His inner turmoil is not something anyone else can resolve for him -- he has to do it. Your H is going to have to work through this himself. And childish displays of anger and frustration are not going to help matters. Nor seeking escape through external distractions. He has got to do this himself. And given his current attitude, I am afraid that Fallgirl is right, your H is not going to respond positively to demands that he or the both of you seek therapy. Not at this time.
You can continue to offer love and support for H while he goes through this. But otherwise back off from him -- and tend to your own needs and that of the boys. He wants to rebel against and blame something or someone for his frustrations, so don't let yourself become his scapegoat.
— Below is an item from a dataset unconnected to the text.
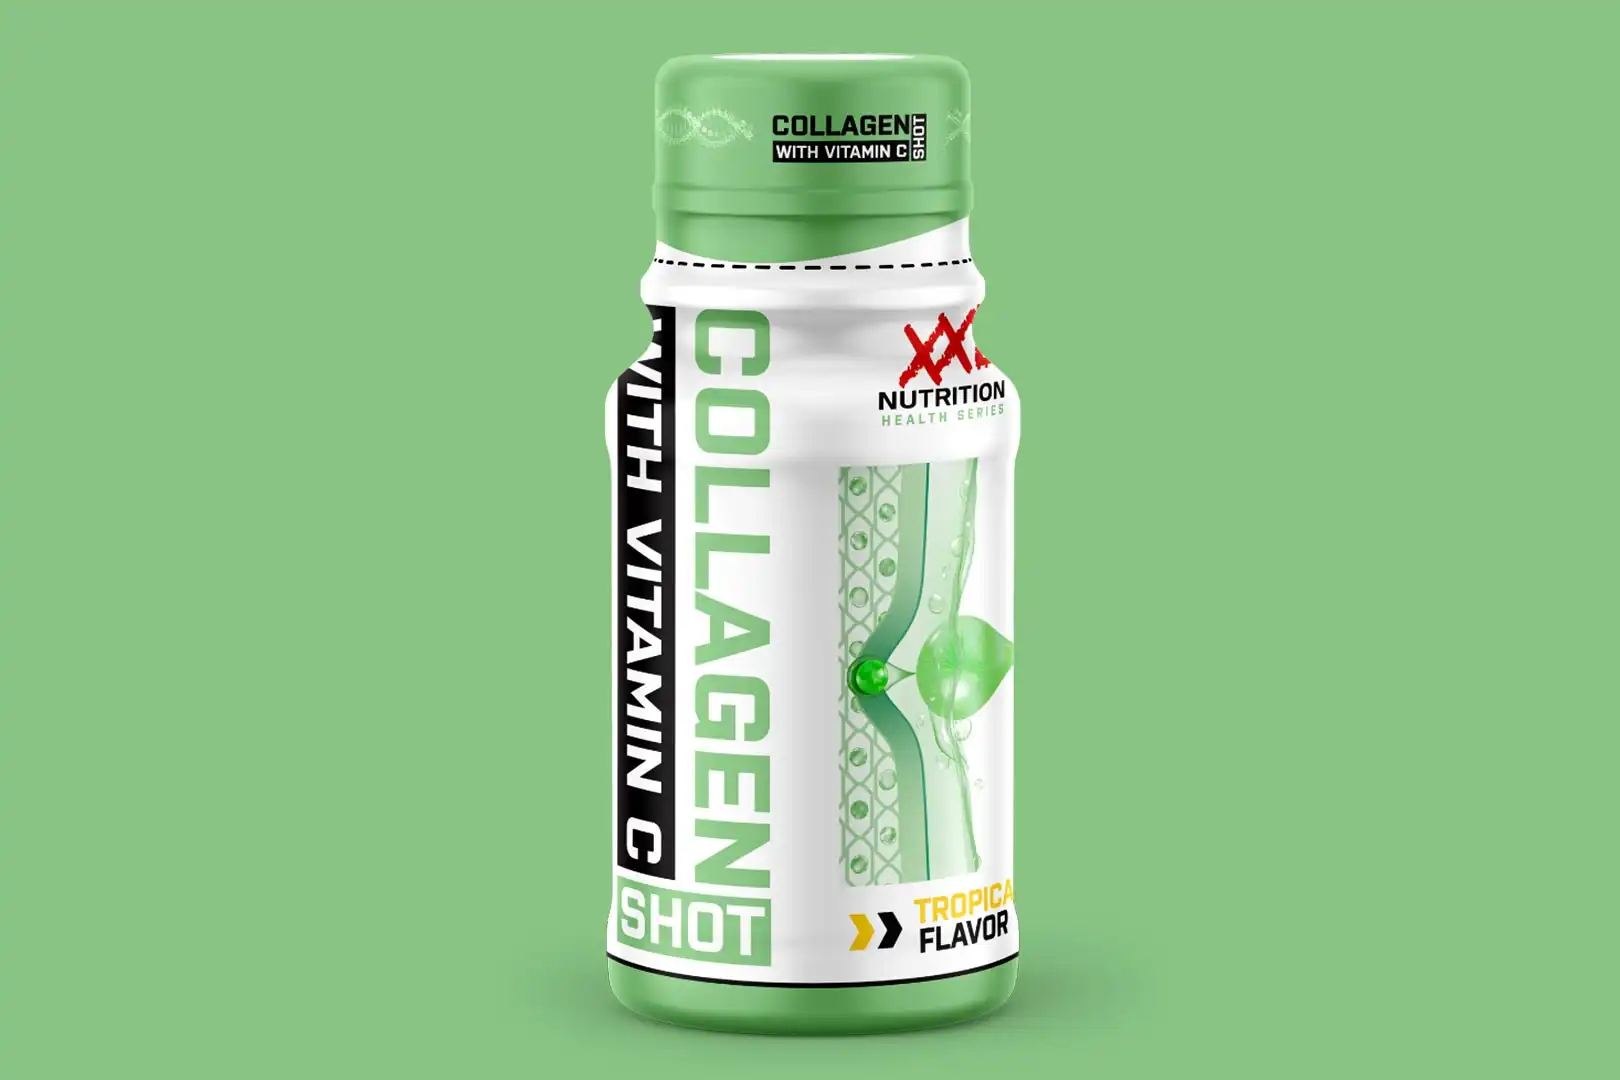 xxl-nutrition-collagen-shot.jpg

I think James Dobson's Tough Love approach is in order. If you've never read that book, I highly recommend it. (He basically suggests that one lead off early with what we know as LRT.) If you were close by I'd love to personally hand you my own copy.
Irish, please take care of yourself for now. Hug those boys. And give your H his space -- love him enough to do that, even though that might be the toughest thing you've ever done. Lovingly detach. Let him know that you still love him, but don't stand in his way. If he does something utterly foolish, then he is shooting himself in the foot. It will be his loss.
I will continue to pray for all of you that your H will eventually come to his senses.